In the first embodiment, the inner diameter side end of each fitting hole 37 is opened to the shaft through hole 28, but the partition that separates each fitting hole 37 from the shaft through hole 28 is an outer periphery of the shaft main body 26. You may provide in a part.

  8 is a cross-sectional view showing a rotor 3 of a rotating electrical machine according to Embodiment 2 of the present invention. FIG. 8 is a cross-sectional view corresponding to FIG. 3 in the first embodiment. Each end plate 22 is provided with a plurality of partition portions 40 that partition between the shaft through hole 28 and each fitting hole 37. Each partition portion 40 is formed along the outer peripheral surface of the shaft main body portion 26. In addition, each partition 40 is connected integrally with the end plate 22 between the pair of circumferential engagement surfaces 37 b of the fitting hole 37. Thereby, each fitting hole 37 is a closed hole. Other configurations are the same as those in the first embodiment.

  In such a rotating electrical machine 1, since the plurality of partition portions 40 that partition between the shaft through hole 28 and each fitting hole 37 are provided in each end plate 22, the rigidity of the end plate 22 can be increased. . Thereby, the coaxiality of each magnetic member 23 and each connecting member 25 with respect to the rotating shaft 21 can be increased.

Embodiment 3 FIG.
You may make the dimension of the connection material 25 larger than Embodiment 1 about the radial direction of the rotor 3. FIG.

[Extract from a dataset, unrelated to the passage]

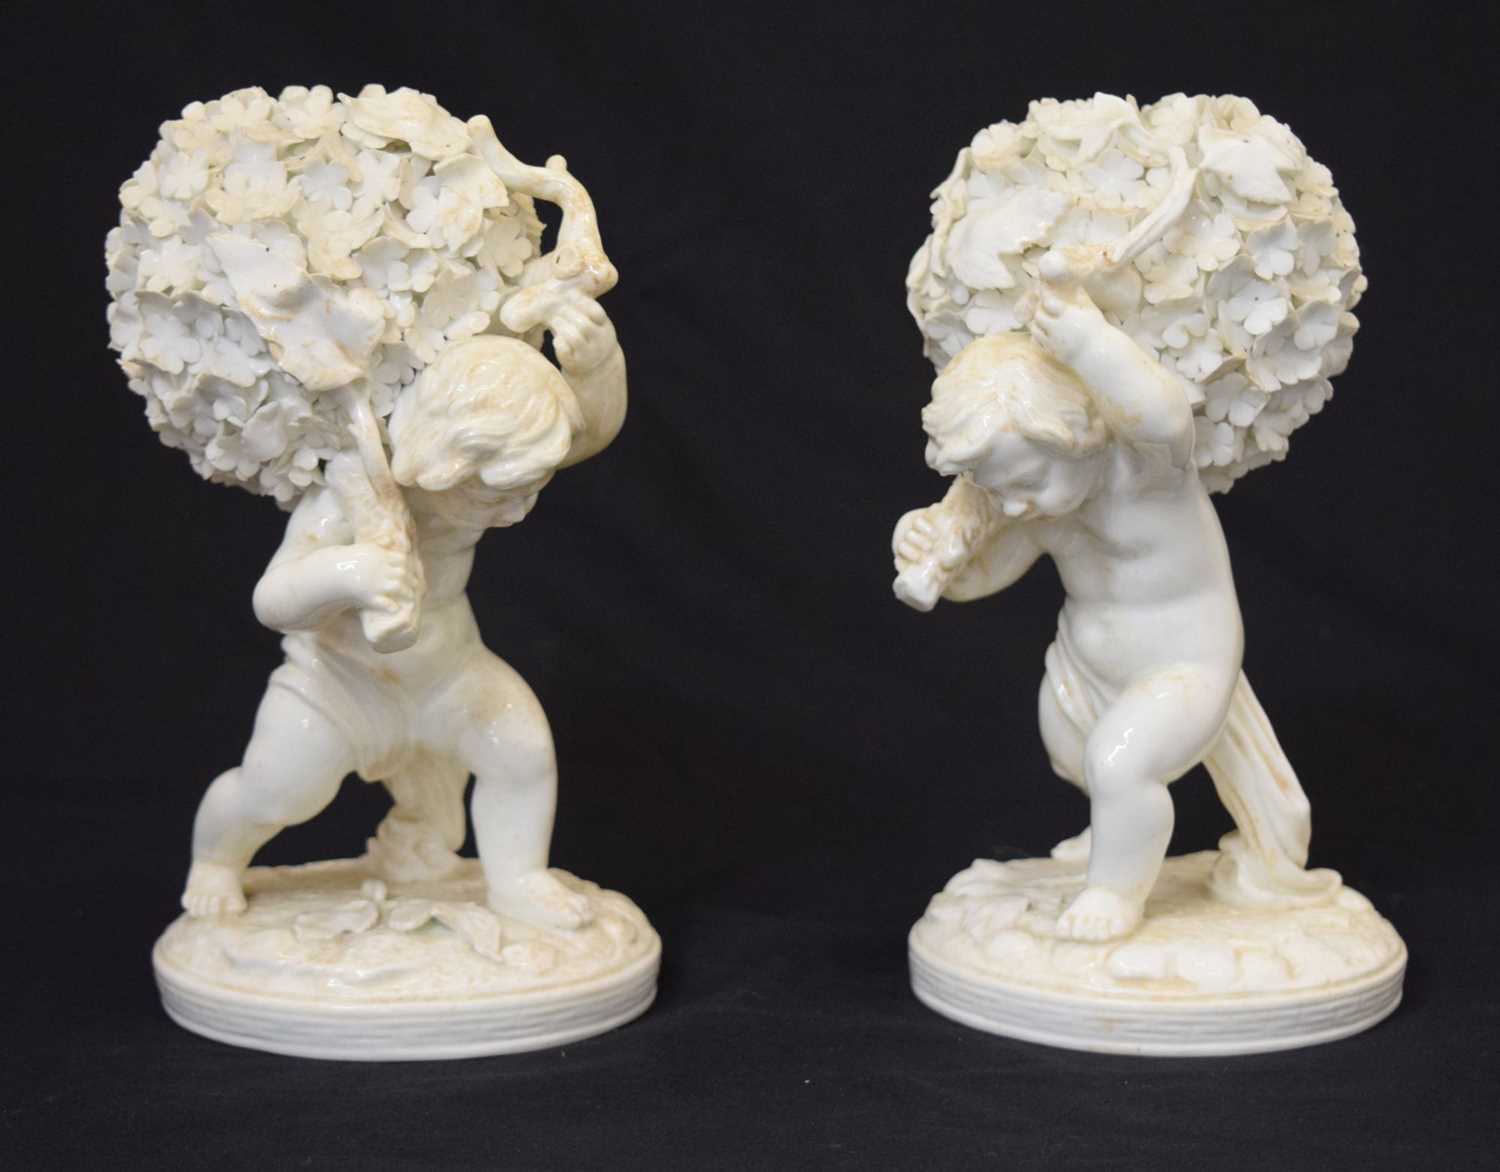 Pair of late 19th century Moore Brothers porcelain figures of cherubs

  9 is a cross-sectional view showing a rotor 3 of a rotating electrical machine according to Embodiment 3 of the present invention. 9 is a cross-sectional view corresponding to FIG. 3 in the first embodiment. The dimension of each connecting member 25 is larger than that of the connecting member 25 in the first embodiment in the radial direction of the rotor 3. The depth dimension of the second dovetail groove 36 is a dimension that fits not only the second engaging portion 25b of the connecting member 25 but also a part of the coupling portion 25c. That is, the depth dimension of the second dovetail groove 36 is larger than the depth dimension of the second dovetail groove 36 in the first embodiment. Other configurations are the same as those in the first embodiment.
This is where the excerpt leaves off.